I'm increasingly excited for this as I see more of it. Skirmish board games are great, but they need to straddle an incredibly difficult line of accessibility to hook newbies and having actual meat to be replayable. Recently I've seen a lot of games fail one, the other, or both. Warhammer Underworlds is an exception (and is phenomenal) but deck construction and model building has put a lot of people off in my area. Something visually striking, simple to play, and replayable if only for the sheer variety of teams could be exactly what I've been looking for. Plus licenses help attract players.
I'm cautiously but enthusiastically optimistic.
Vysetron wrote: Skirmish board games are great, but they need to straddle an incredibly difficult line of accessibility to hook newbies and having actual meat to be replayable. Recently I've seen a lot of games fail one, the other, or both. Warhammer Underworlds is an exception (and is phenomenal) but deck construction and model building has put a lot of people off in my area. Something visually striking, simple to play, and replayability if only for the sheer variety of teams could be exactly what I've been looking for.
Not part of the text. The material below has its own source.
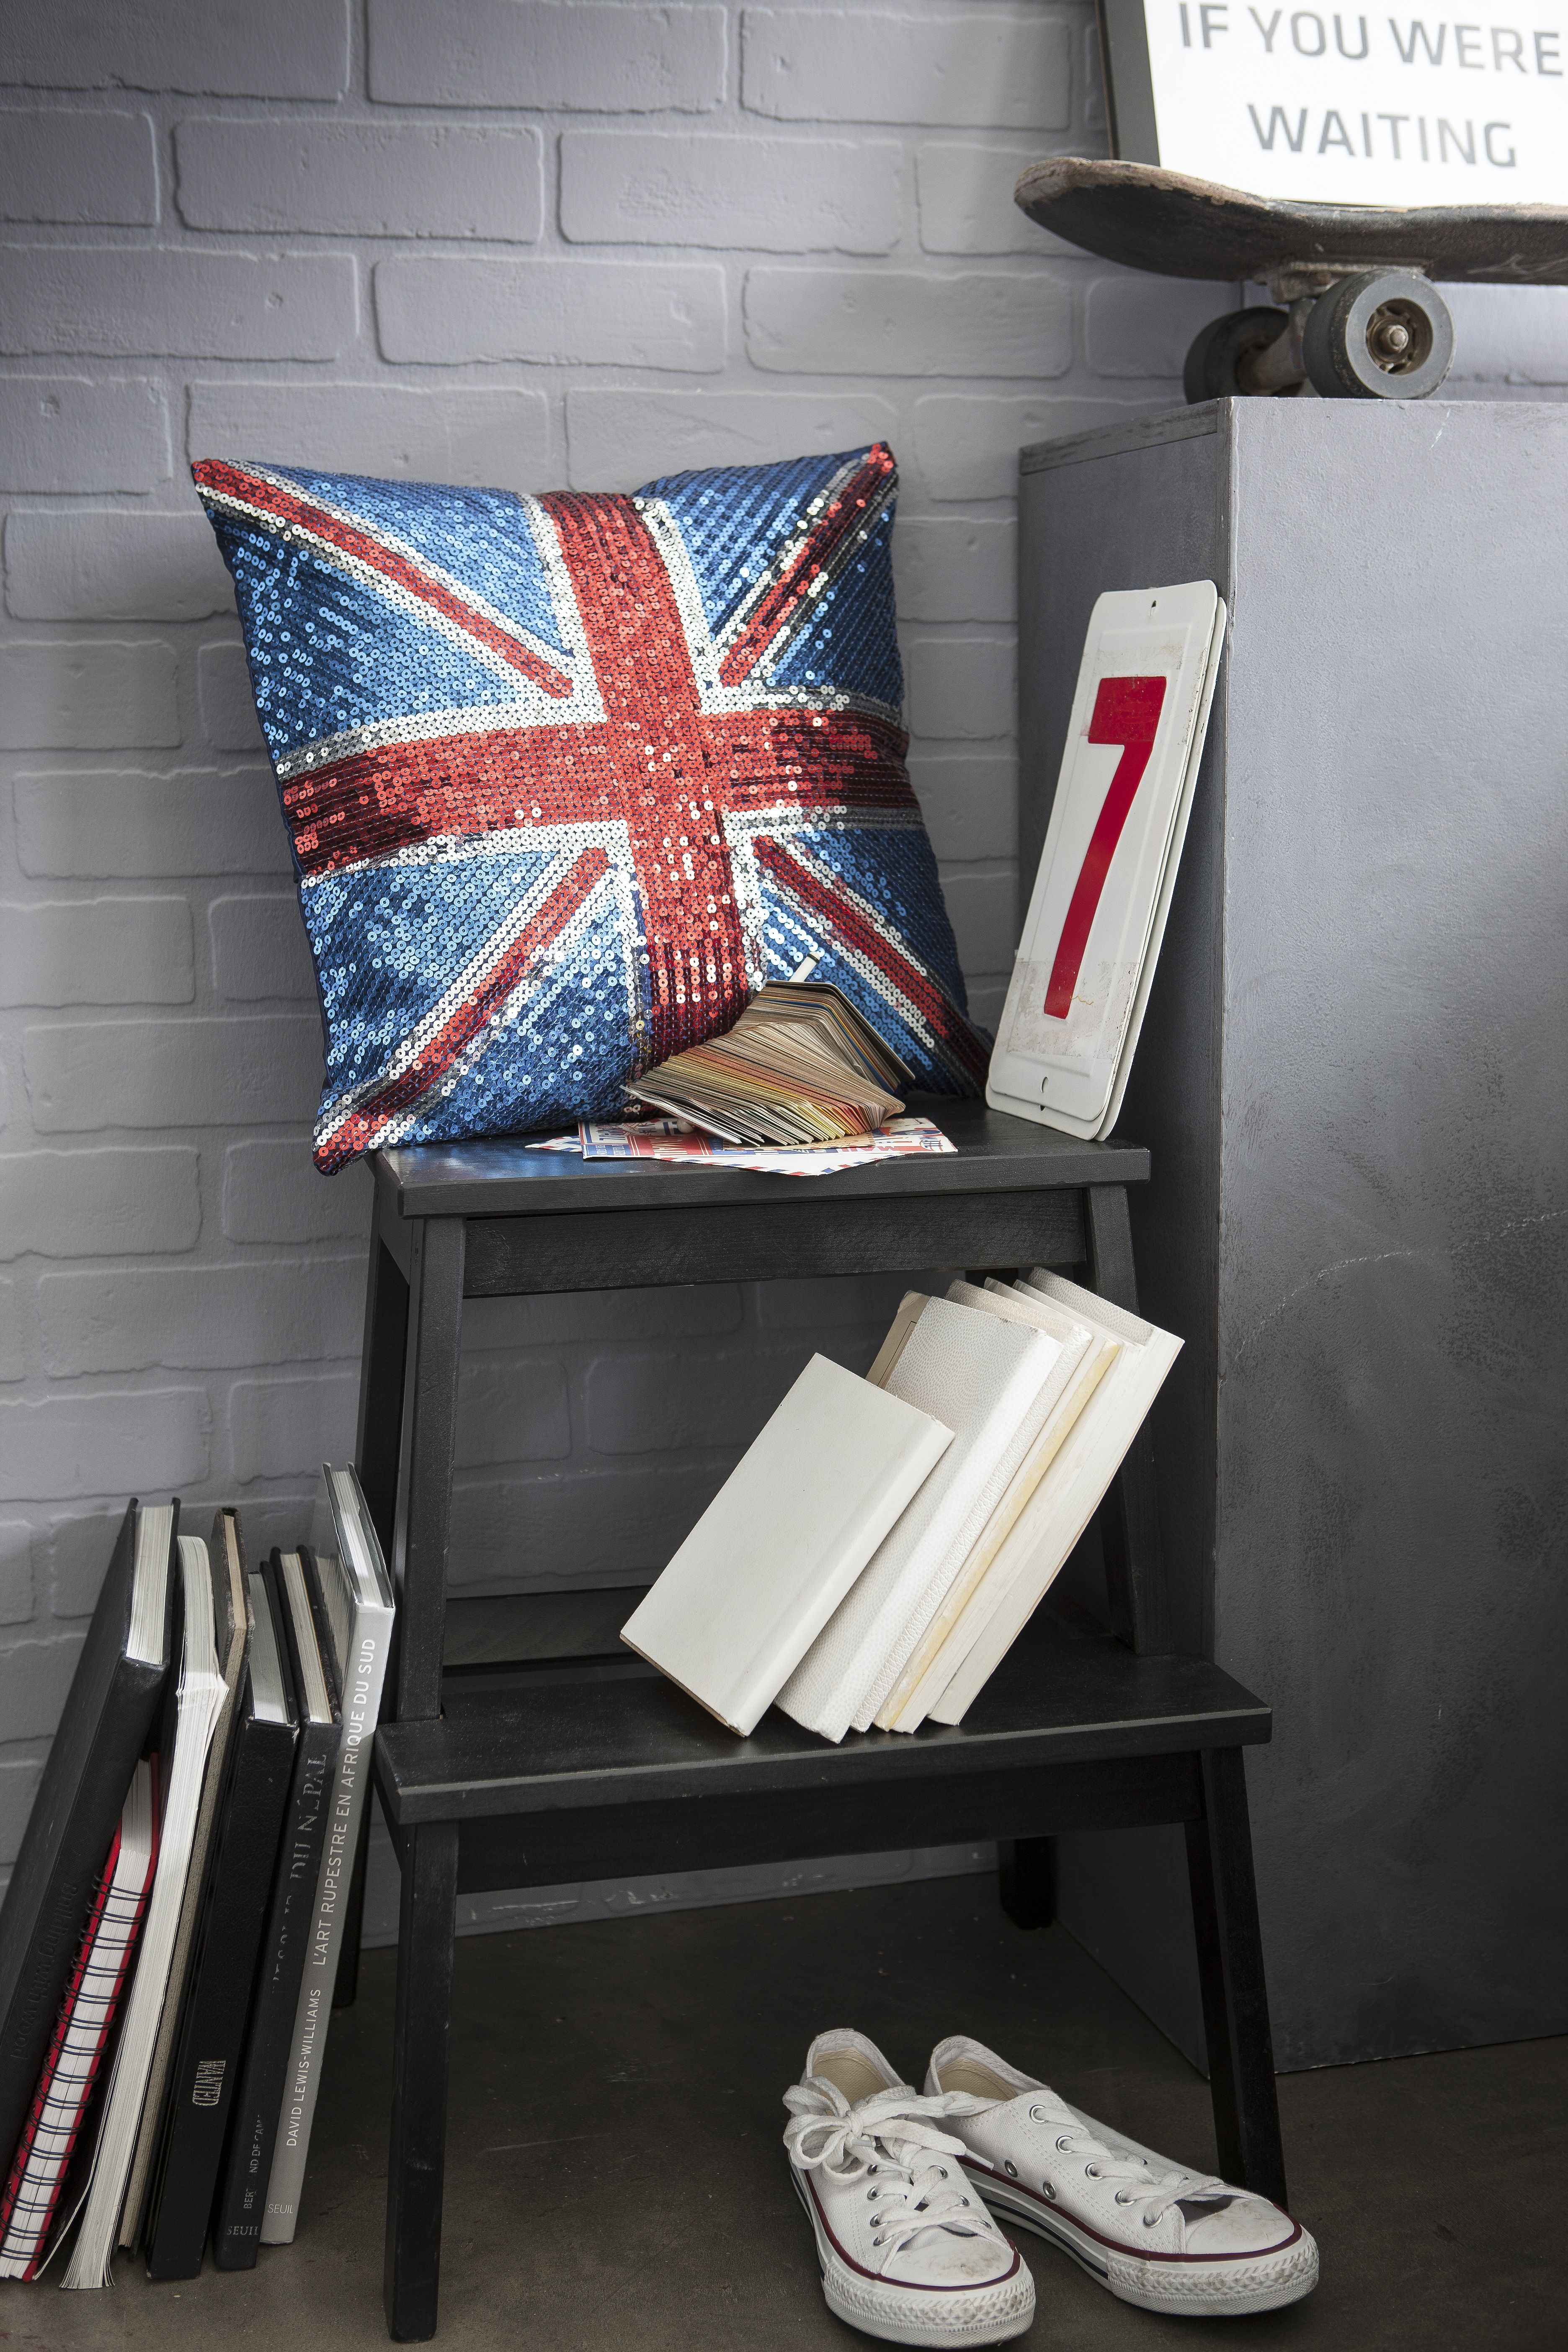 Ravivez Votre Interieur Avec Ce Coussin Sequins Inspire Du Celebre Drapeau Anglais London England Union Jack Unionjack Dr London Flag Union Jack Deco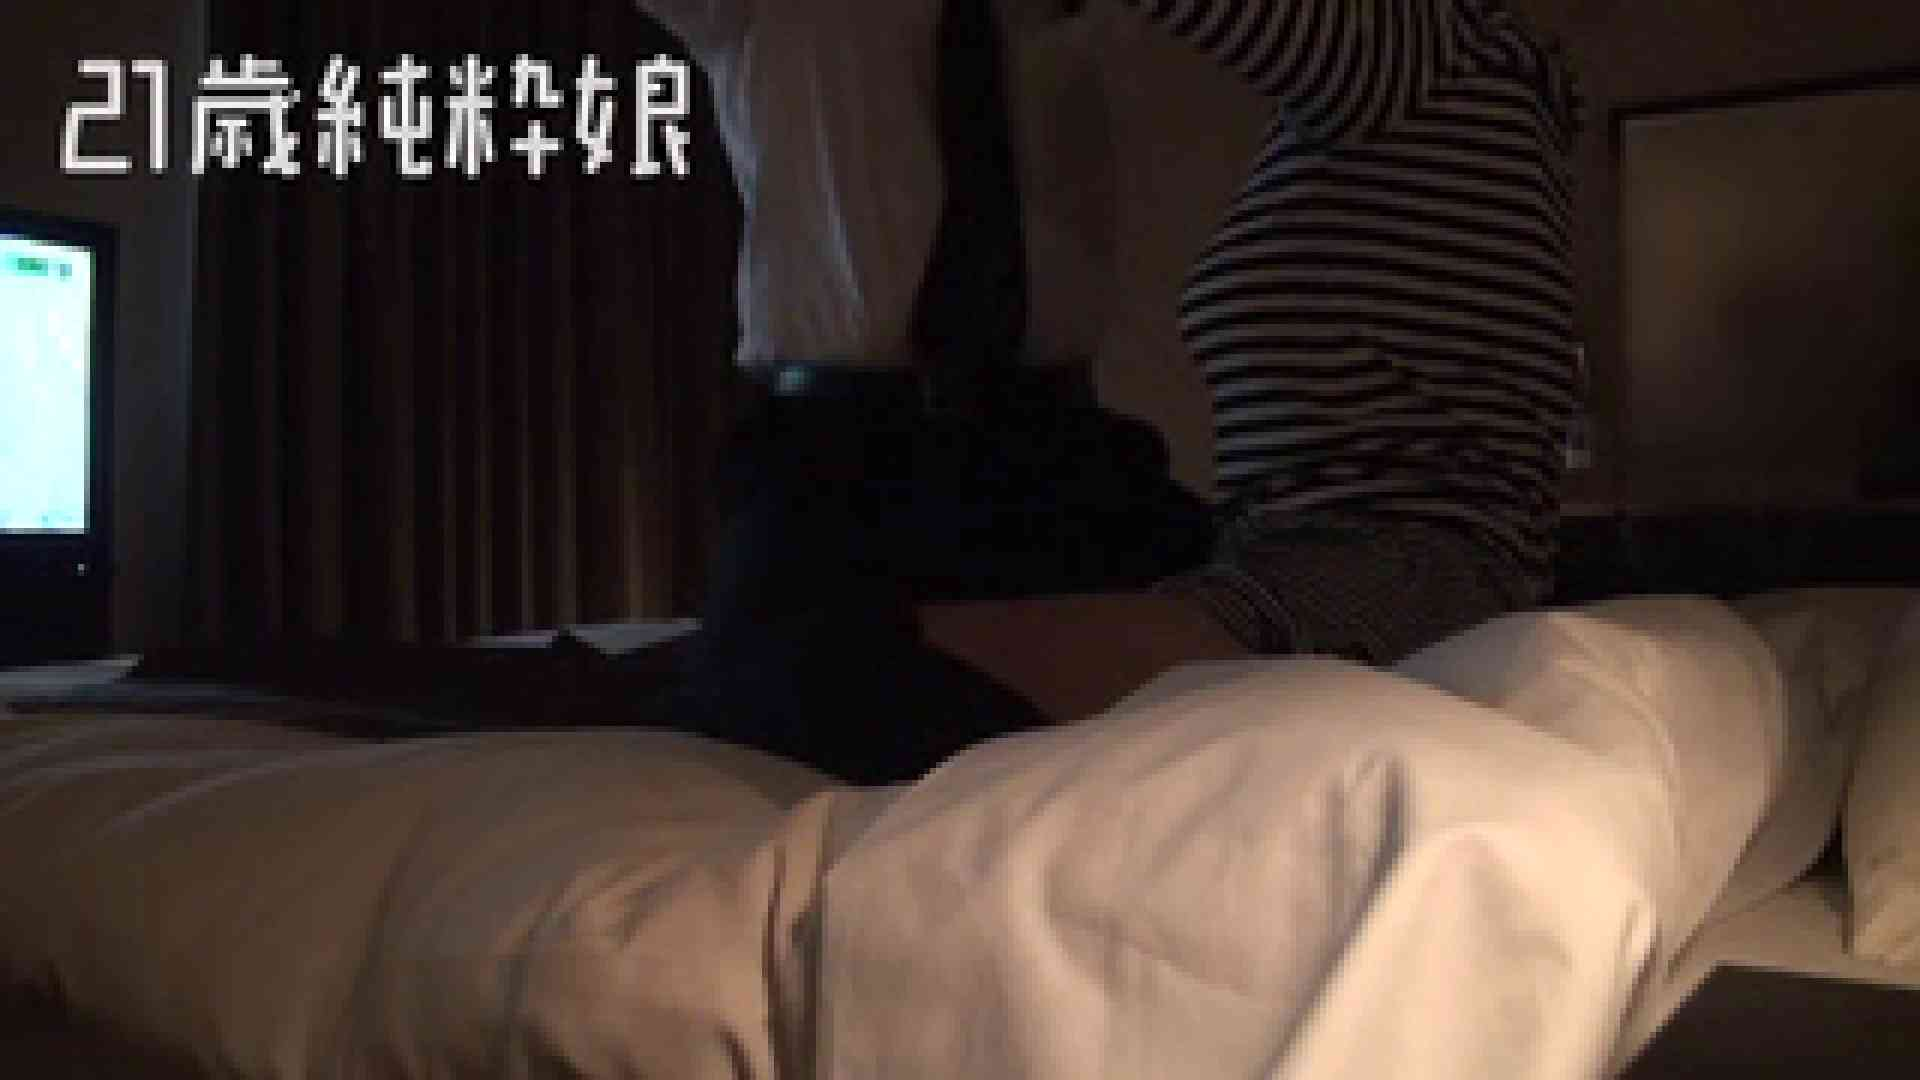 上京したばかりのGカップ21歳純粋嬢を都合の良い女にしてみた4 友人 オマンコ無修正動画無料 90画像 19

Gorechosen and Shadespire are good examples.
The former is a bit too light and the latter misses the mark a bit as you note as well. Both great great games, but that elusive middle ground... The baby bear of Goldilocks skirmish games is hard to find.
But we've gotten close to a truly solid and evergreen game engine on many occasions. Okko, Gorechosen, Shadespire, Frostgrave, Marvel Heroscape, etc. I feel that Epic Duels is likely to hit the "too light" extreme though due to the lack of granularity in the cards, even after the rumors Jacobson has shared about how they work now. Time will tell.
Gorechosen handled this best, I think. Three differing options on each card is just good design granularity while maximizing player agency in the face of random option distribution.
But that's ok. There is room for all types of these games and more variety is mo' bettuh. Some days you feel like playing Epic Duels. Some days you don't.
The mook tokens leave me cold considering the detail they've lavished on the cards and miniatures. I just bought Blitz Bowl for $38 and that has twelve GW miniatures; I know that's kind of apples and oranges since GW is a huge company and it's a B&N partnership, but at the end of the day I feel like I'm getting a lot more for forty bucks. Do the Unmatched characters really have to be Forge World-level miniatures? I would have settled for Heroclix quality if it meant figures for every combatant.
The spaces on the board also seem more pronounced in the video than in the promo photos. I know a lot of people complained about how hard it was to see the spaces on Tannhauser's board. Unmatched takes it to the opposite extreme - it looks like a mini's game set up on a Chinese checkers set.
Just aesthetic nitpicks, though. Still look forward to hearing more about how it plays!
EDIT: Mondo games has the Fight Club license, apparently? "That's right! In Unmatched, Tyler Durden can fight Abraham Lincoln! Create your own match-ups!"